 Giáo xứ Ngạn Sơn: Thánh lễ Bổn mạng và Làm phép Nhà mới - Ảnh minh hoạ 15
#####
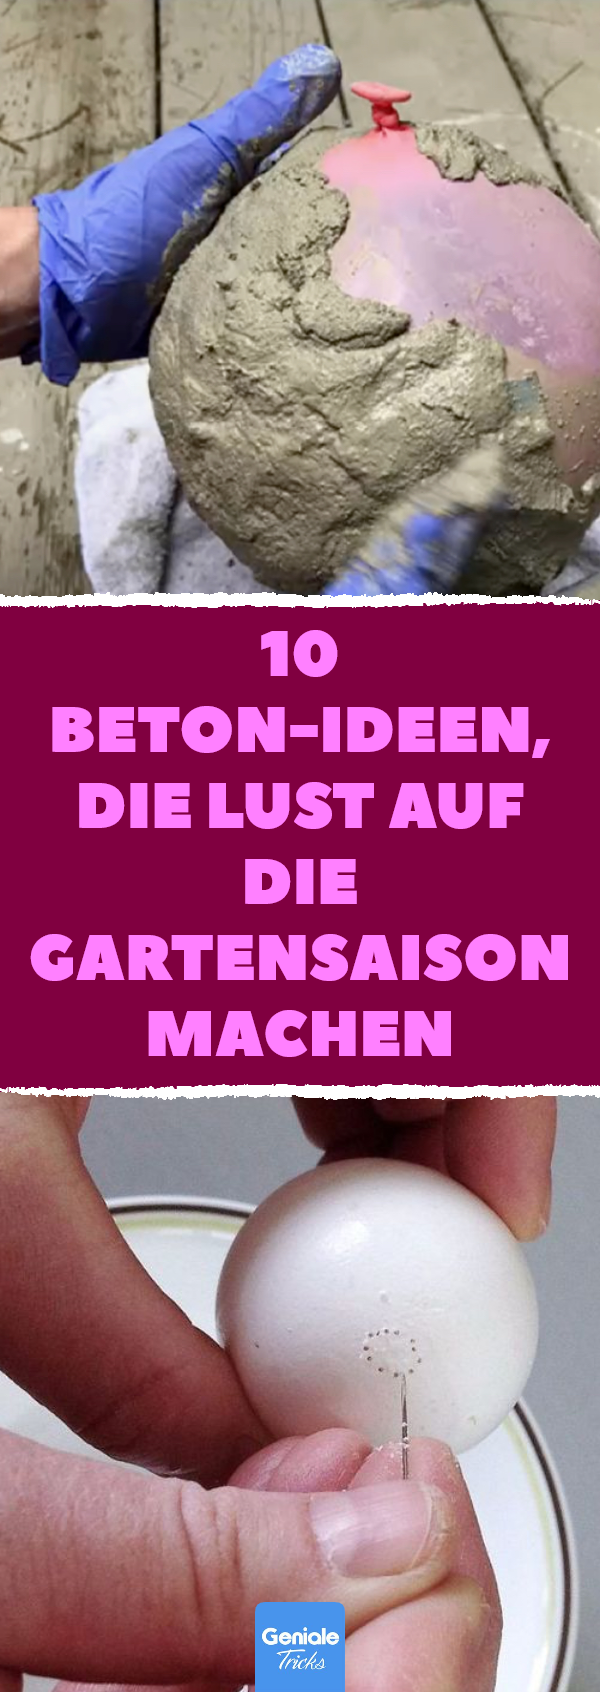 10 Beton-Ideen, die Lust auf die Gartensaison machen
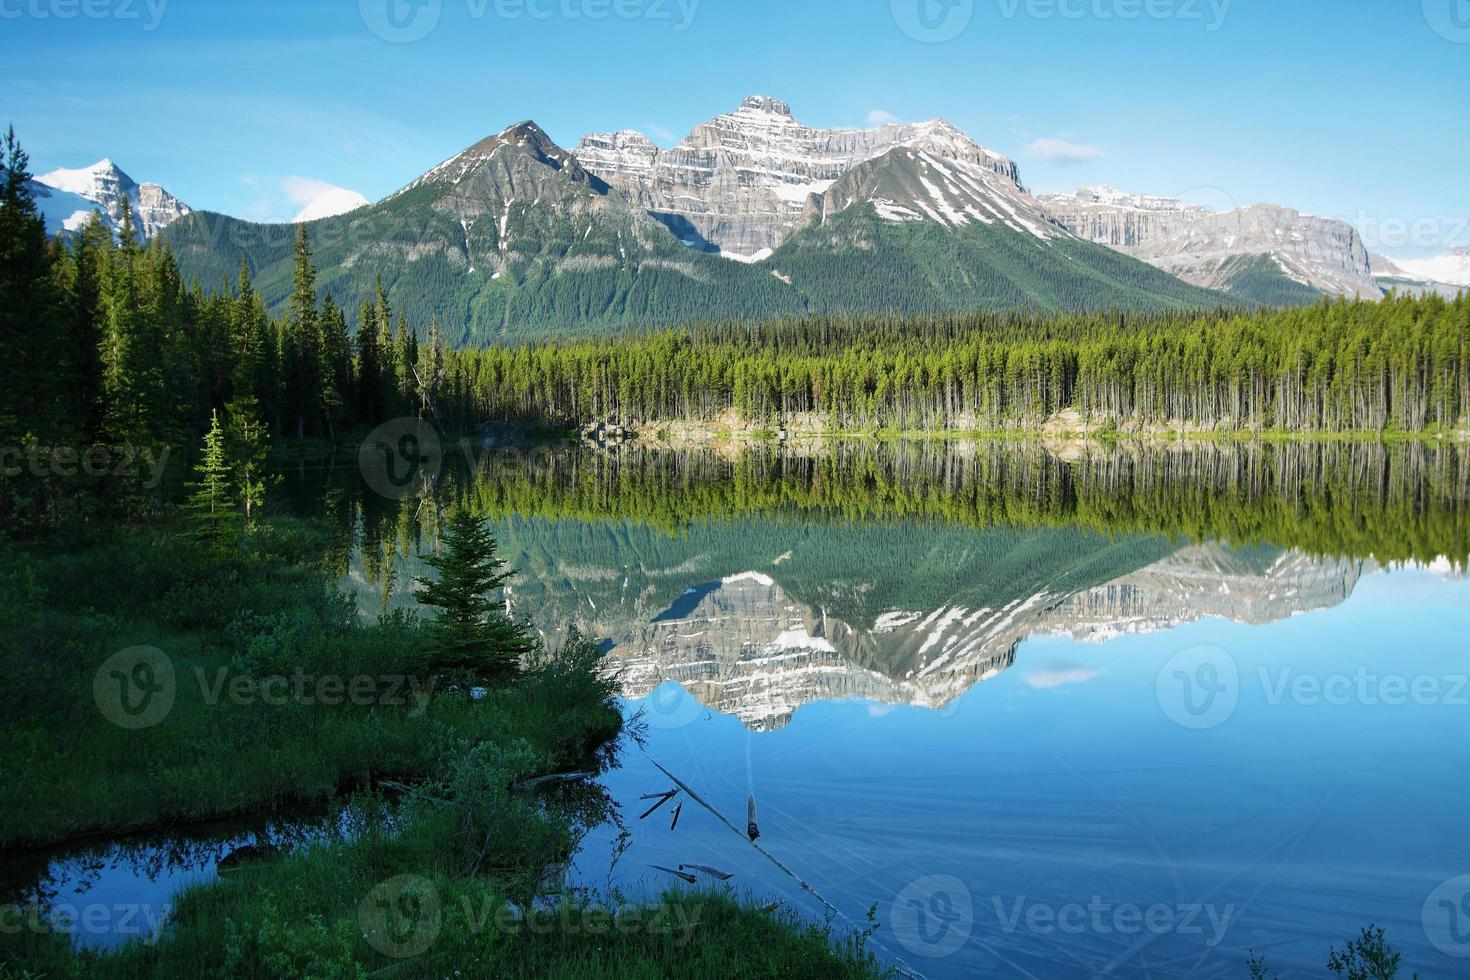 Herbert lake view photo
#####
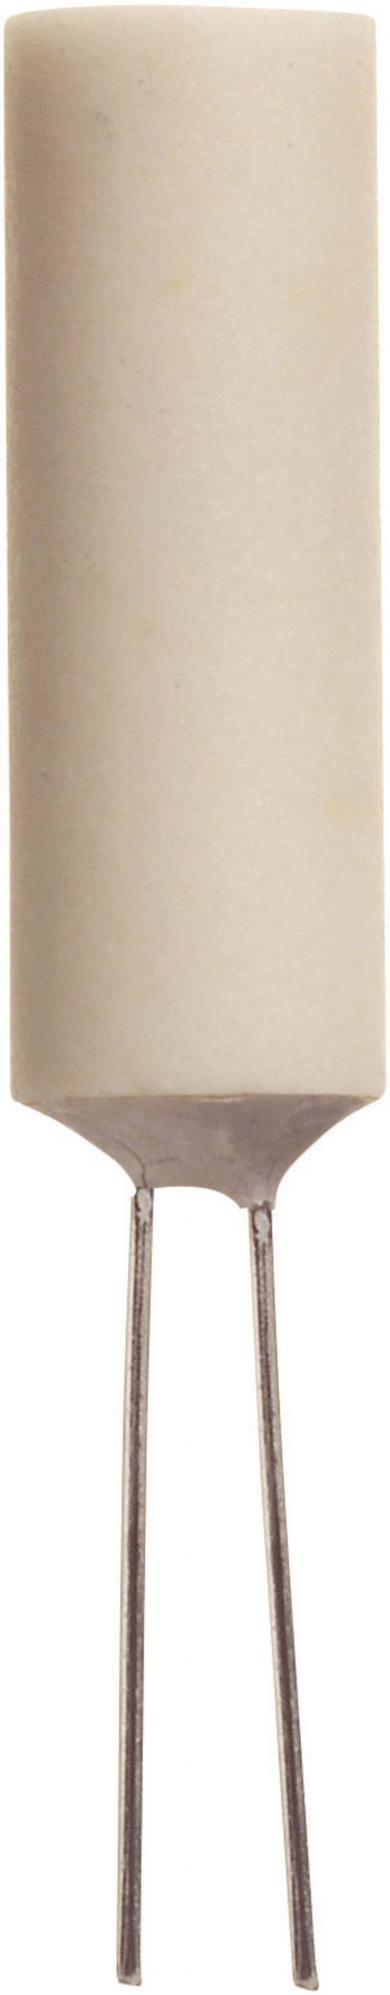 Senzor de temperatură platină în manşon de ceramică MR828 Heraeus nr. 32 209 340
#####
Return the material from the line containing "10 Beton-Ideen, die" through the line containing "Herbert lake view photo", exactly and in full, but without its pictures.

-- TASK RESULT --
 10 Beton-Ideen, die Lust auf die Gartensaison machen
 Herbert lake view photo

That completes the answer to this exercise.